In fact, this might be one of the biggest misconceptions in entrepreneurship. Too many
founders conflate the value of their products with the amount of potential problems that they
can solve. They spend their time and their efforts to slap on more and more perceived functionality
that will then end up diluting the actual overall utility of the product itself. The Swiss army
knife metaphor is particularly powerful here because have you ever seen a chef use a Swiss
army knife to fillet a pricey piece of tuna or does a roofer screw the tiles of your new fancy
metal cladding onto your house with the flimsy screwdriver bit of a Swiss army knife? Well,
of course they don't. They are using professional tools to do a professional job. Or at the very
least, they have learned not to use the generic tools anymore. They may have started with it,
but they've gotten to use the professional ones. That's why many successful SaaS businesses
originate from self-built Excel sheet monstrosities. Initially, the generic spreadsheet
tool was good enough to handle most things that were needed to solve the problem. But
at some point, complexity started and it causes diminishing returns. Edge cases make that
spreadsheet hard to use, from high utility to low. Fertile ground for this use case only
software product in the making. Utility is strongest when it's dual-sided. The products
are useful for the customer and the business selling the product is profitable for its owner.
A successful business sticks around and reliably produces and then distributes a useful product
to the people who need it. But once again, we run into diminishing returns. And this time,
it's on the founder's side of things. Because people will only pay so much for any given solution.
In fact, they will pay only as much as the problem that the solution is for costs them.
And that's why founders find it much easier to land a $5000 customer than a $50 customer
because a $5000 problem hurts way more than a $50 problem. And I experienced this a little bit when
experimenting with the pricing of Feedback Panda, the online teacher productivity SaaS that I
co-founded and then eventually sold in 2019. We had an extremely cheap subscription plan of $5 a month
and the customers who bought that one were much more likely to cause customer service headaches
than the ones that had bought the $15 subscription that we introduced later. A subtle difference in
price, but it was a major shift in psychology. If you consider the monetary value of your product
or of the problem, if you're a customer and you consider that a monetary value of the problem
higher, then you start valuing the solution more as well. But only to a point. There's a ceiling for
almost any pricing effort, mostly dictated by the budget that itself is determined through many,
many factors. If you sell to people who freelance and make less than $2000 a month in pre-tax,
your service can't really cost more than $100. There just isn't room for this kind of expense.
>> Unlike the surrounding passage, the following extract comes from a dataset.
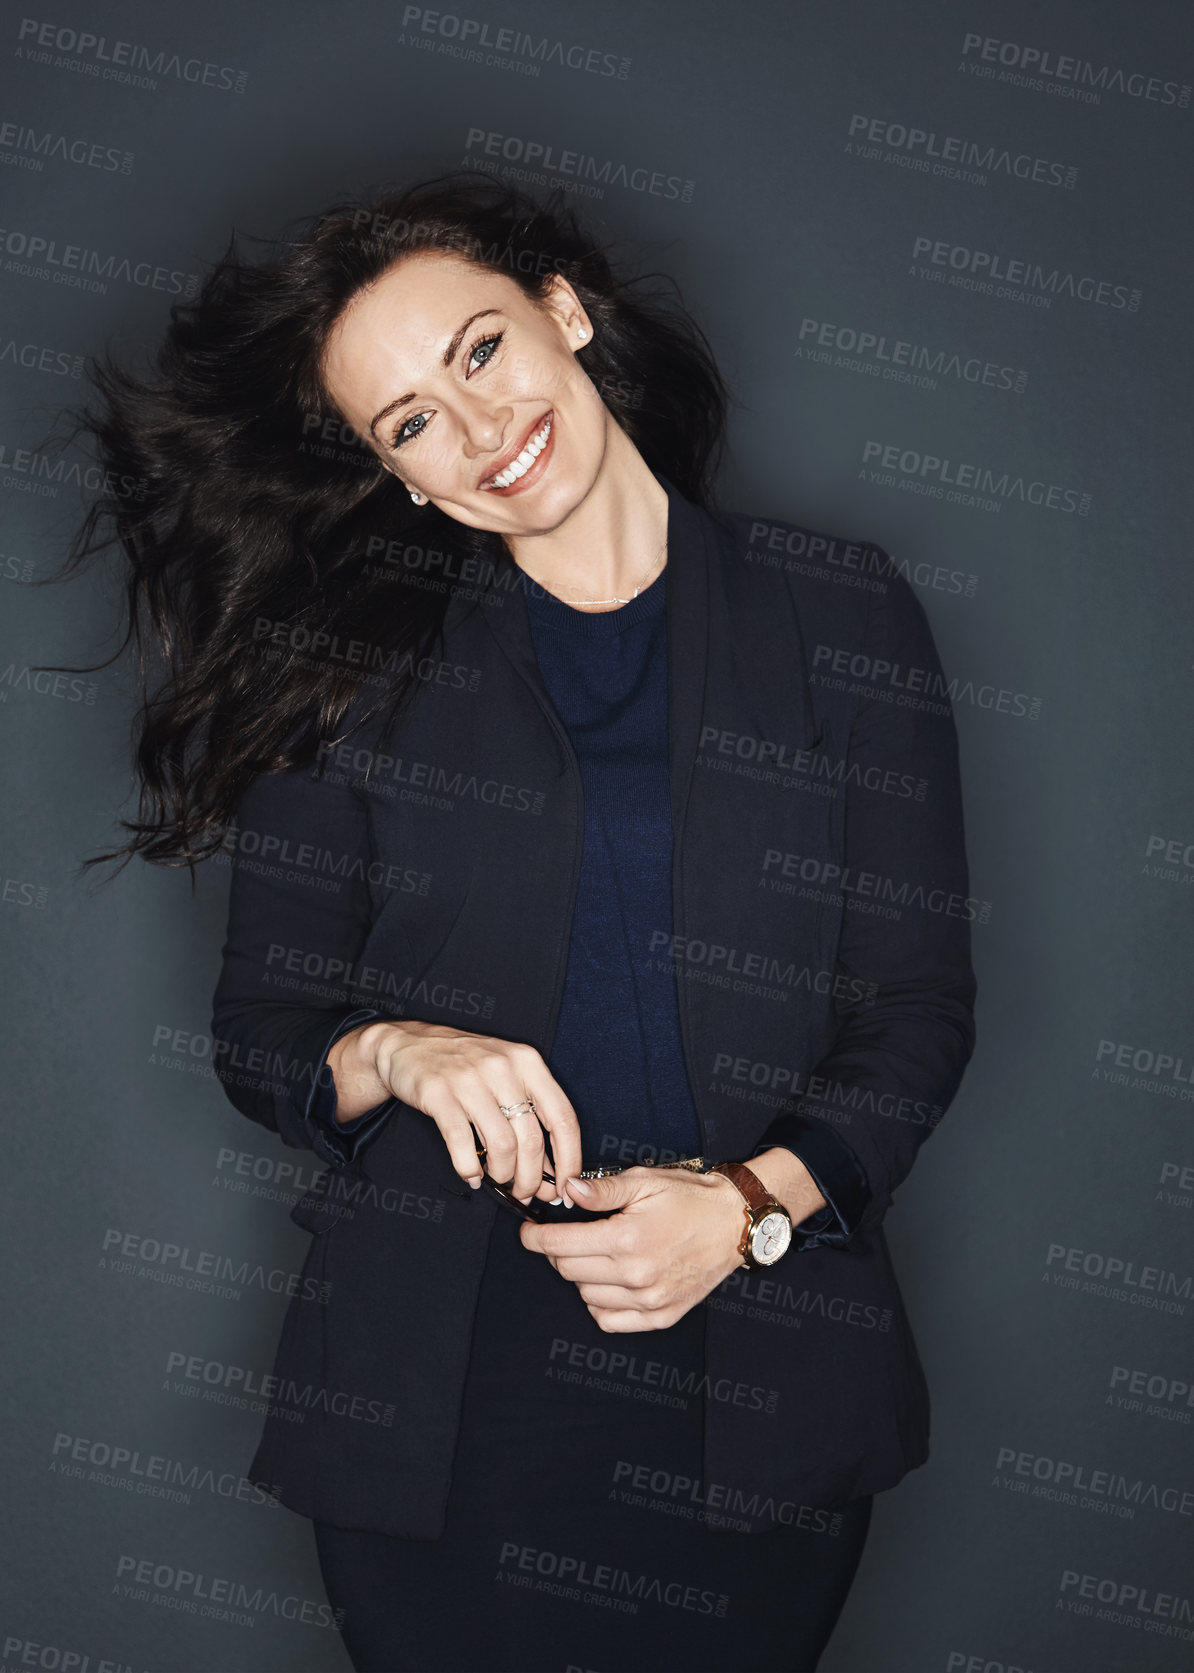 Buy stock photo Studio shot of a young attractive corporate businesswoman posing against a grey background

So you have to think about that. And this introduces an outsized impact on fees. If you offer a software
product, Stripe, if you use that, takes a cut of every transaction. And the lower your price,
the higher their share of your profits. And when you build something physical, like a set of 3D
printed key caps for a mechanical keyboard, and you list them on Etsy, you have to deal with a
listing fee and a processing fee and a transaction fee, a shipping and expenses fee and the cost of
your raw materials. That's often more than half of what you can price things at because it costs you
so much. And that's also why SaaS businesses are all the rage right now. Their marginal cost is
almost zero. It costs you next to nothing to allow one more customer to use your product. But you do
need a critical mass of customers to initially become profitable. And that's where utility comes
back in. A tool that is spectacularly good at solving one particular problem and nothing else
is highly useful for the people who have that exact problem. They are also able to pretty
accurately determine what cost not solving this problem would incur for them. So if your product
is priced anywhere below that cost, it is a purchasing decision waiting to happen. So now,
if price pressure is high with competitors and stuff, where can you go to build a high utility
business? Well, utility can also be something you can't find anywhere else, something specific.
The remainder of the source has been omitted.